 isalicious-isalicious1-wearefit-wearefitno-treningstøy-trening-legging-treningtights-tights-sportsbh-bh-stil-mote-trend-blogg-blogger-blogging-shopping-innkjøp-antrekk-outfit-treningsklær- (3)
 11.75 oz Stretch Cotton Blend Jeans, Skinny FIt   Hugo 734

* * *

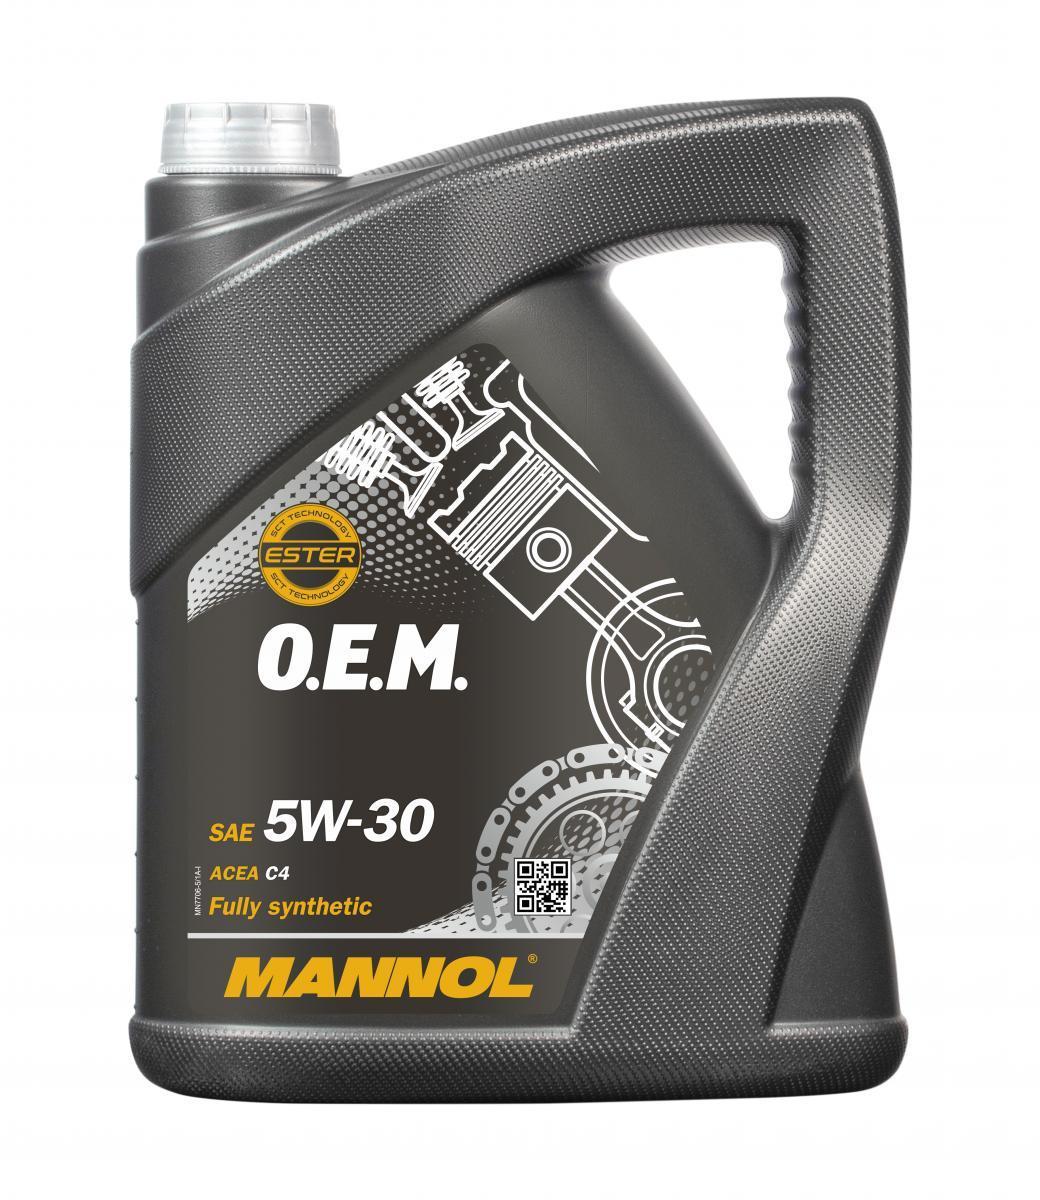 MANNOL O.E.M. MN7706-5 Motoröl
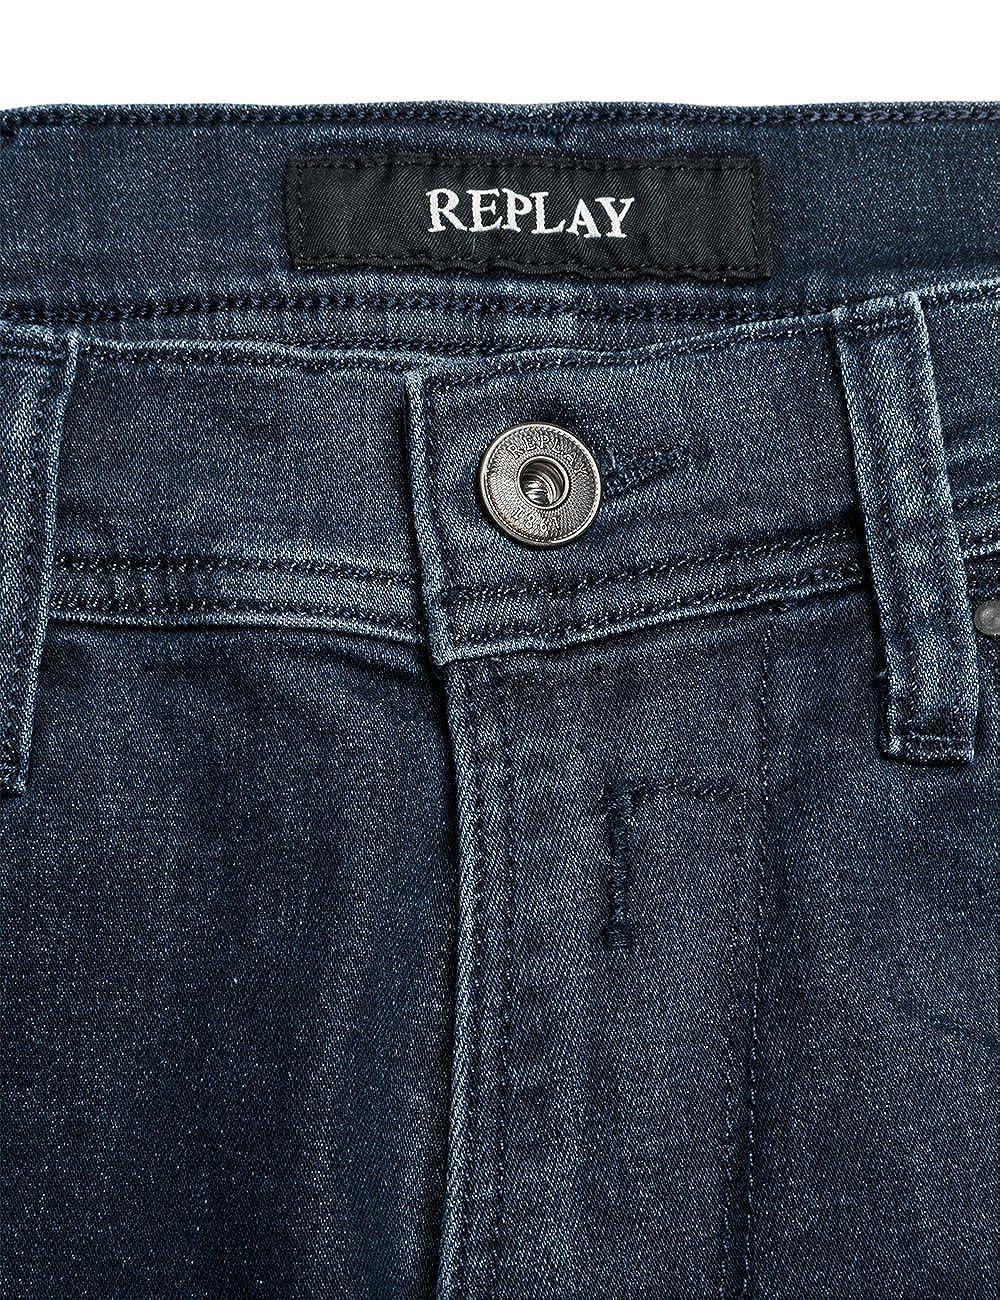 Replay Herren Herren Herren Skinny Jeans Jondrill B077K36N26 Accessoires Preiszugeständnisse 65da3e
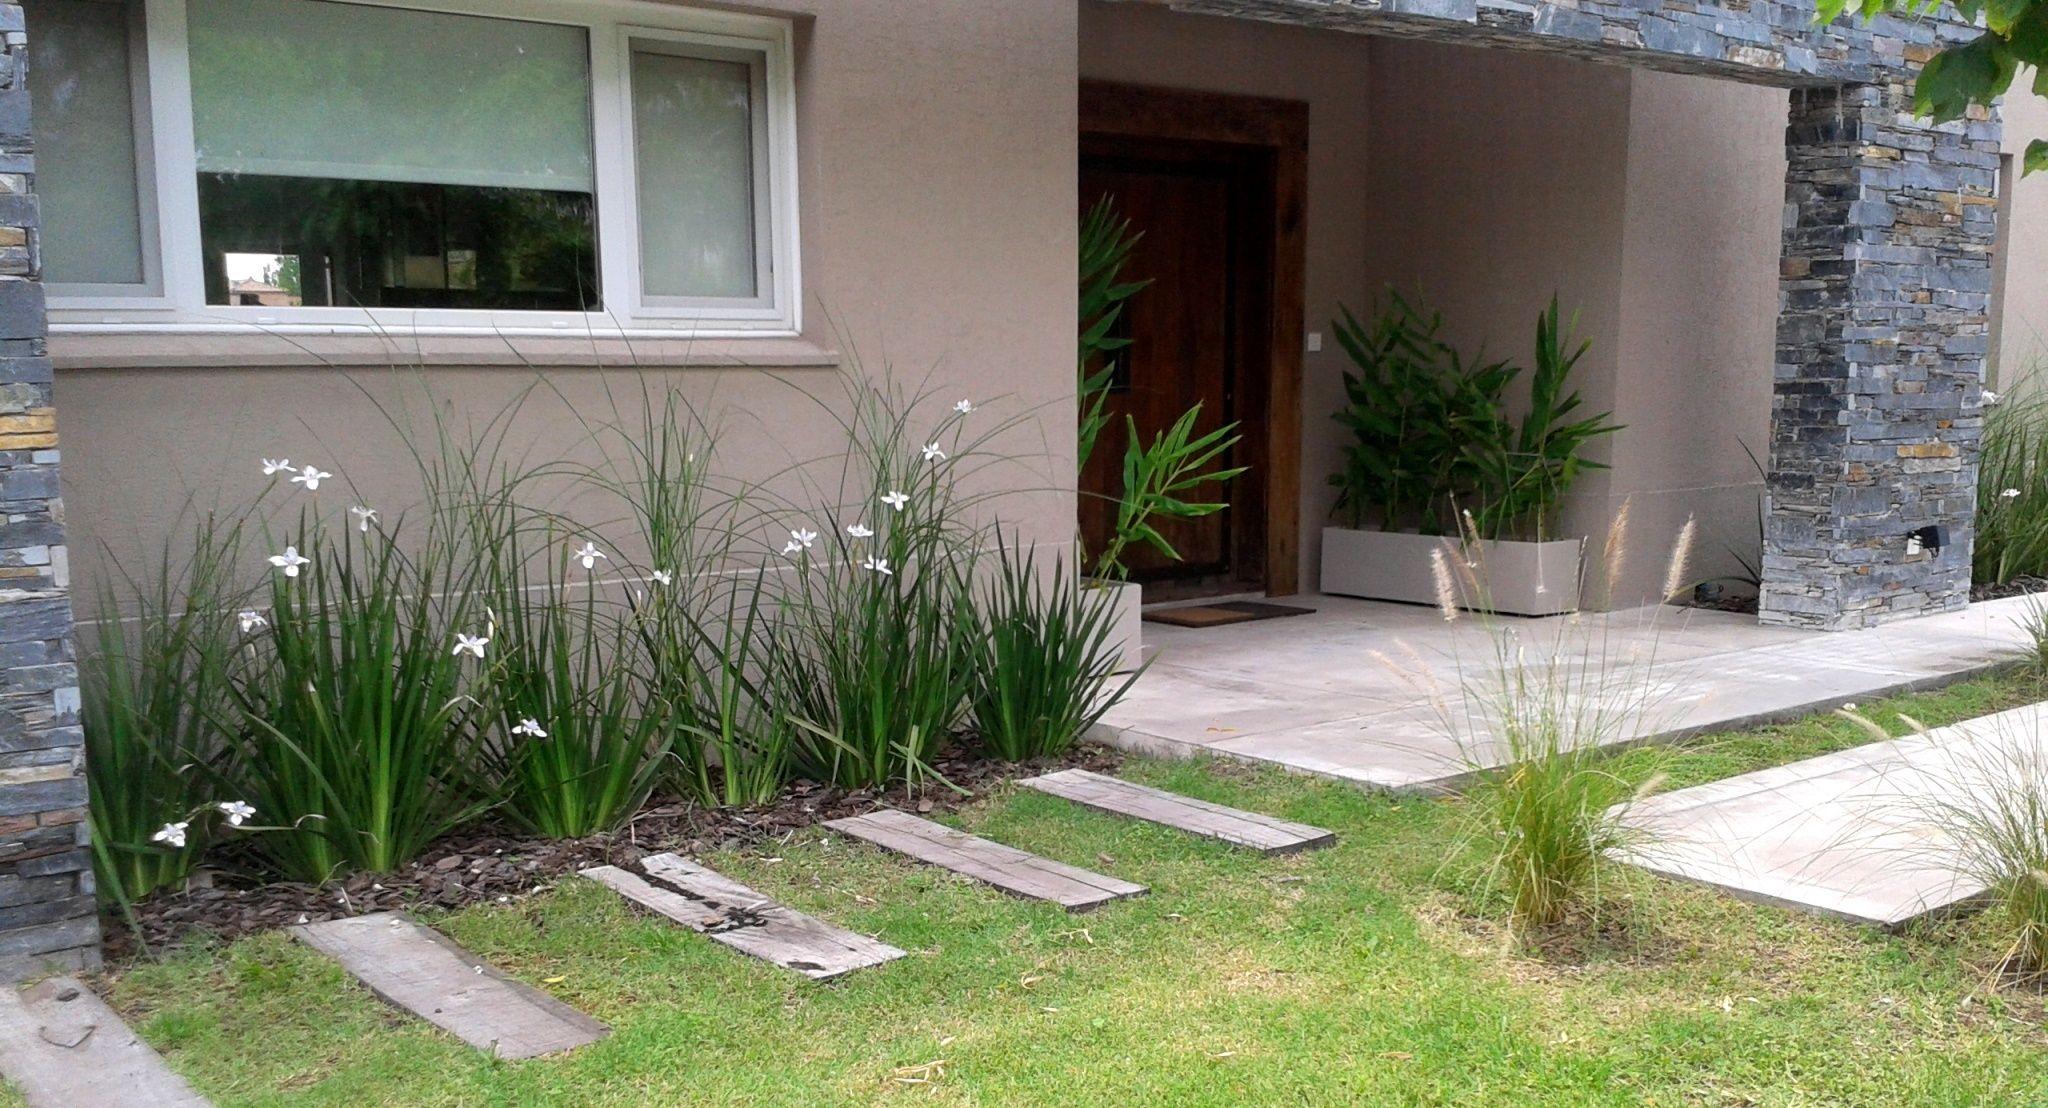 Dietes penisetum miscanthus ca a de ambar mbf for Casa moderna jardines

* * *

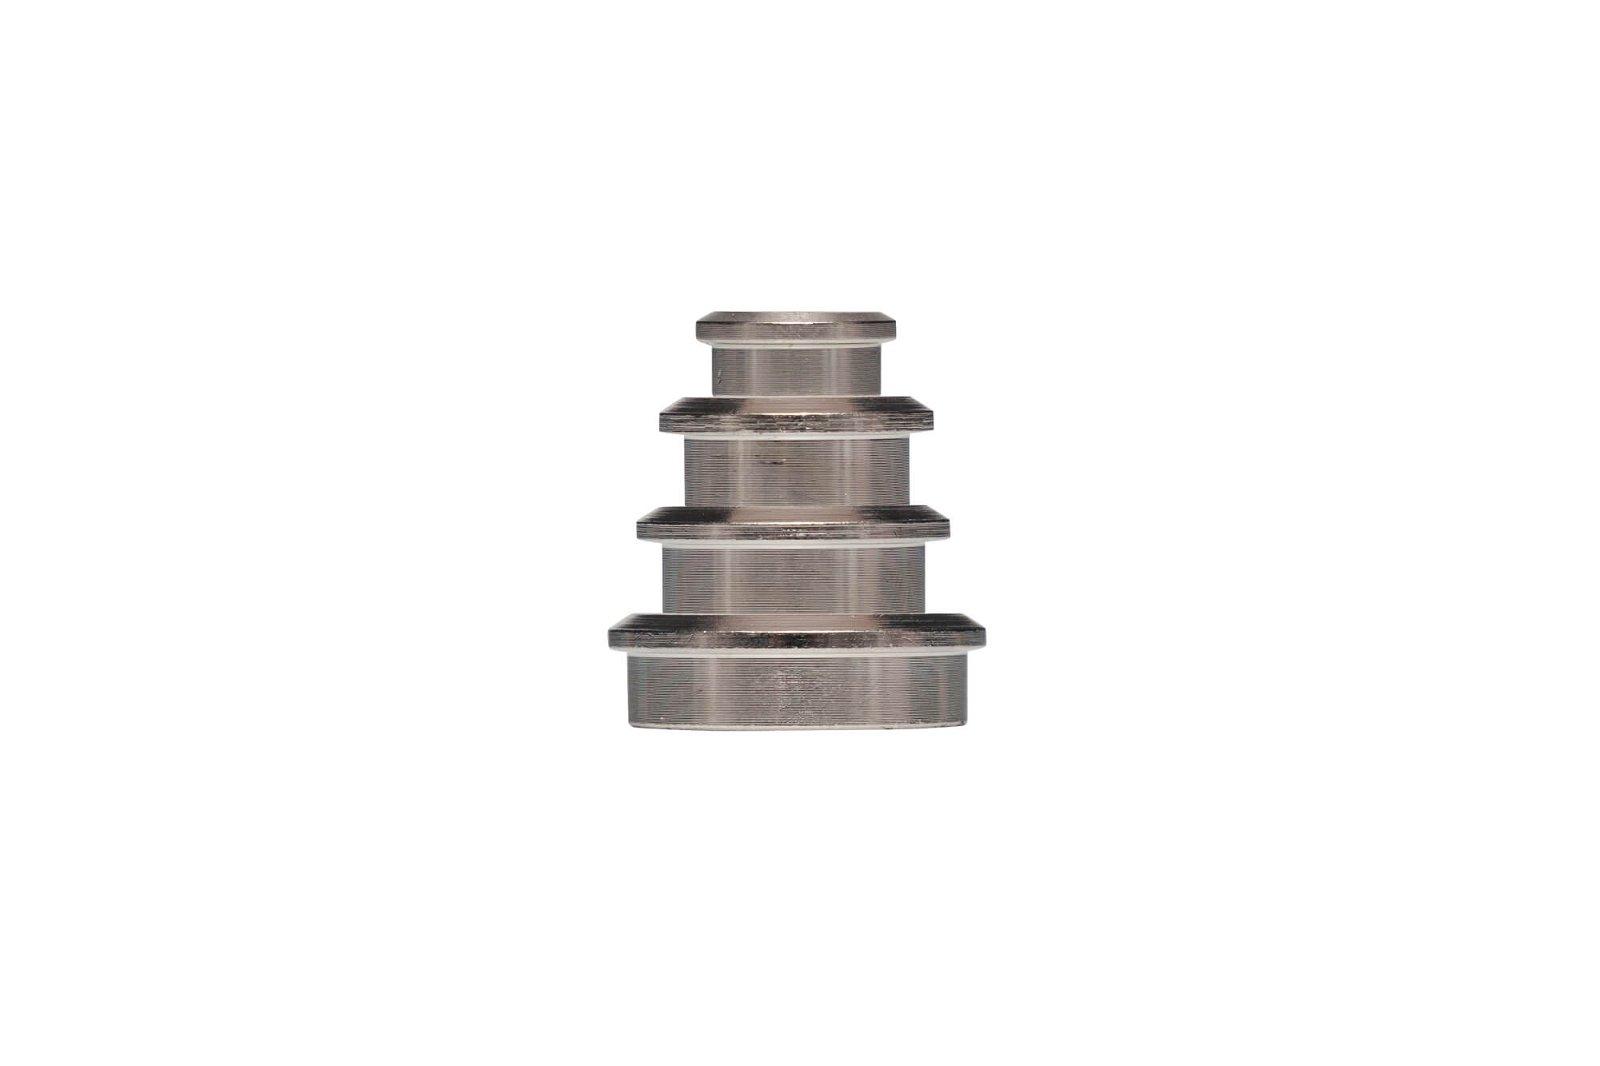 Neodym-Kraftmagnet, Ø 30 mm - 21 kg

DIRECTIONS: In the material above, find the line containing "isalicious-isa" and the line containing "11.75 oz Stretch", then write out exactly those two lines and every line between them, and nothing more.

ANSWER TO THE PROBLEM:
 isalicious-isalicious1-wearefit-wearefitno-treningstøy-trening-legging-treningtights-tights-sportsbh-bh-stil-mote-trend-blogg-blogger-blogging-shopping-innkjøp-antrekk-outfit-treningsklær- (3)
 11.75 oz Stretch Cotton Blend Jeans, Skinny FIt   Hugo 734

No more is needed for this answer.